Has Brighton got the most skilled practitioners of the "glottal stop" in the country?
Some years ago, perhaps before the ideal of BBC pronounciation had begun to lose favour with the middle classes, an English teacher told me that he thought the worse spoken English in the country was to be heard in Brighton. He had a theory that this might have its roots back in 1841 with the opening of the London to Brighton railway; the consequent interchange of population between London and the South Coast leading to a gradual melding of the Sussex & Cockney dialects, not to the benefit of either.
The above conversation sprung to mind recently in the vegetable aisle of ASDA when I overheard the question (which long familiarity enabled me to interpret): "Do we need any potatoes?".
Without resorting to the phonetic alphabet what I actually heard for the word "potatoes" was something like: "per?ay?ers"; where I have inserted "?'s" for the glottal stops.
This must have taken years of dedicated practice.
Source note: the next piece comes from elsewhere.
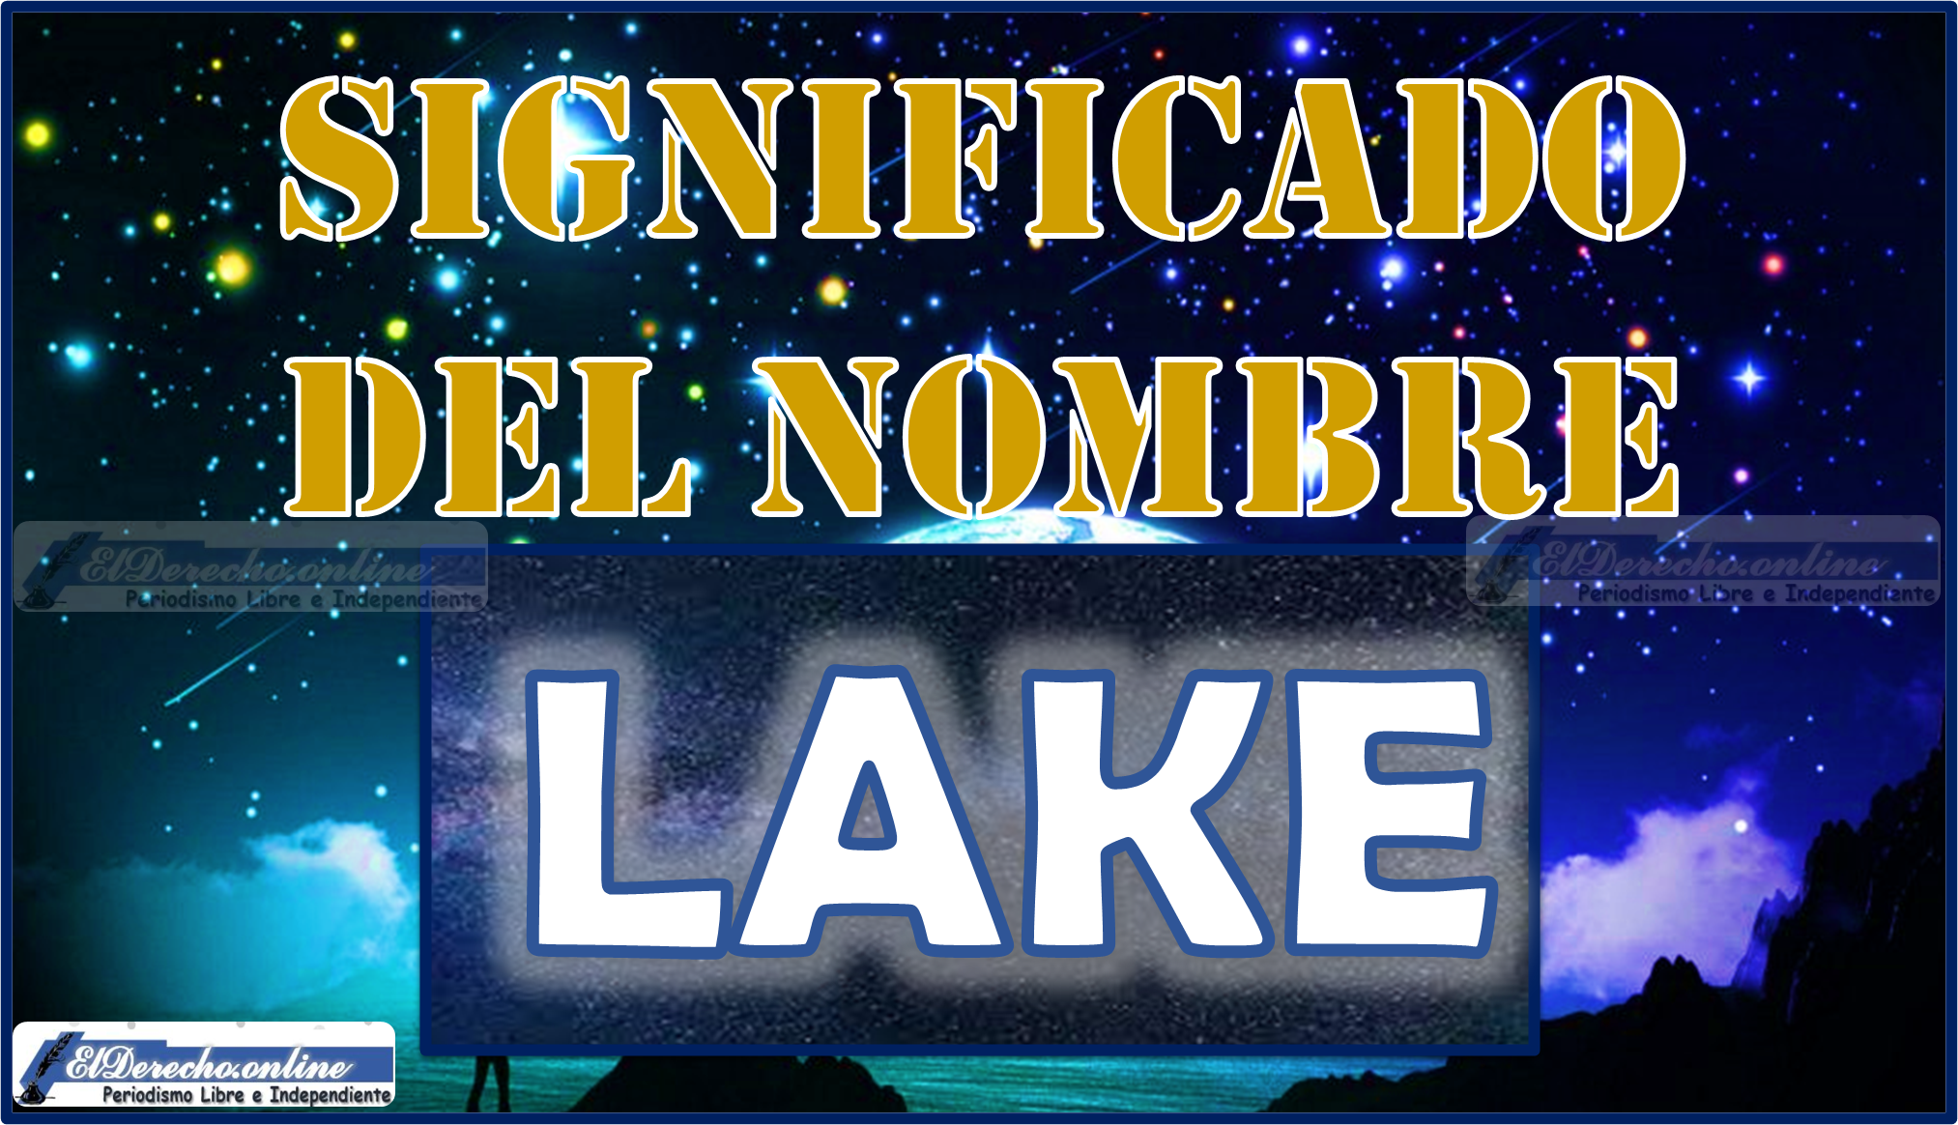 Significado del nombre Lake, su origen y más

Just try pronouncing "potatoes" without the "t's"!
Well, Brighton does have very strong links with cockney London and sarf London. As to whether that's the railways (I'm not sure) or just a reflection of the entrepreneurial cockneys always seeking out a shilling and Brighton offering rich pickings in the boom years at the end of the 19th and start of the 20th century, that's a debate to be had.
ReplyDeleteOne example is my great grandfather. He was a cockney who came to Brighton at some point and married a local girl in 1913. Occupation on the marriage certificate? General trader. :o)
NIce one Dan ;)
ReplyDeleteMy grandfather & family came to Brighton from Oxfordshire via Portsmouth in 1898. He worked in Cheesemans China shop and died in 1919 aged 50. Brighton seems to have always ridden out periods of depression very well.